Ou seja, a violência exercida pelos homens contra as mulheres, no Brasil como em qualquer parte do mundo, é autorizada, sancionada, pela sociedade patriarcal, machista; como um todo.
Sociedade reforçada pelas religiões judaico-cristãs, nas quais a figura feminina é, e sempre foi, uma figura subalterna ou de menor poder, a partir da própria idéia do Pai Salvador (relembro que Nossa Senhora não faz, apenas intercede junto ao seu Filho). Mesma lógica estende-se a sua hierarquia dominada pelo sexo masculino (o Papa, Cardeais, Bispos, Padres, Pastores, Rabinos, Sacerdotes, todos do sexo masculino).
Aqui no patropi, exceção se faça, em respeito à verdade, aos orixás e entidades do Candomblé, Umbanda, e Quimbanda, os quais se referem e incorporam divindades e espíritos dos dois gêneros.
Como livre pensador, ouso sonhar que a “Lei de Deus” deveria permitir que todo ser humano tivesse sempre condições de exercer seu livre arbítrio. Todavia, isso é negado à mulher brasileira. Fazer o quê?
Culturalmente, o espancamento de namoradas, esposas e amantes por seus companheiros é uma questão da vida privada, na qual a sociedade (patriarcal) “não deve intervir”. Não deve meter a colher.
Vale lembrar que somente a partir da Constituição Federal de 1988 – e também do novo Código de Processo Civil, de 2015; não existe mais hierarquia familiar. Juridicamente, no patropi, a mulher não se subordina mais ao homem, “são todos iguais”. Todavia, ainda falta existir a consciência cidadã.
Quantos (as) brasileiros (as) já leram o texto constitucional e o novo Código Civil?
Diante de casos de violência contra mulheres, é comum que os comentários machistas predominem até mesmo sobre a natural rejeição ao ato de agressão. “Alguma ela fez” ou, na melhor das hipóteses, “melhor não tomar partido”. Sem falar nos casos de estupro, quando, freqüentemente, se critica a sensualidade excessiva da dança ou dos trajes das mulheres, responsabilizando-as e “justificando” o estuprador.
Como propriedade do macho, “a mulher é a culpada”. Se reclamar, apanha!
Essas atitudes preconceituosas são exercidas também por profissionais de saúde e policiais, resultando algumas vezes em tratamento inadequado, mas coerente com a cultura predominante.

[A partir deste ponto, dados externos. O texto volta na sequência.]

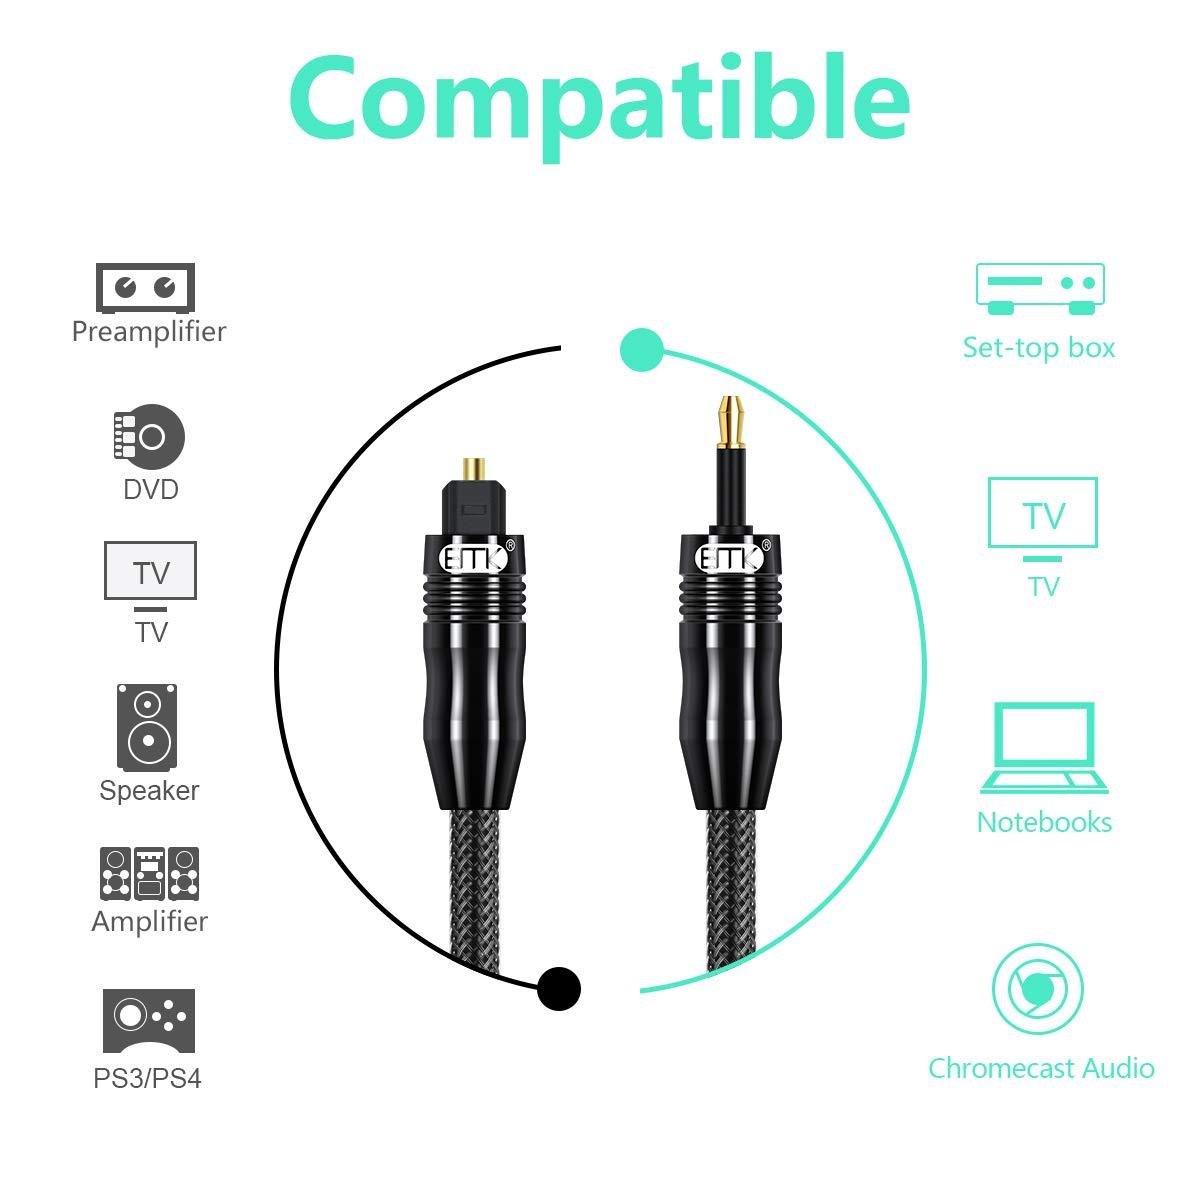 TV PS4 Emk fibra ottica Cord per home Theater Xbox /& More 3M Cavo audio ottico digitale Toslink cavo Sound Bar giacca in nylon intrecciato, durevole e flessibile

Resumo da ópera: a mulher, premida por circunstâncias que ela própria ainda não compreende, na maioria das vezes, pensando e agindo como submissa, retira a queixa-crime contra o seu agressor, perdoa-o, e continua a viver com o mesmo e a conviver com sua dor. Como se fora normal ou natural.
Como diz o Chico na canção “Umas e Outras”, “o acaso faz com que se cruzem pela mesma rua olhando-se com a mesma dor”. Até quando?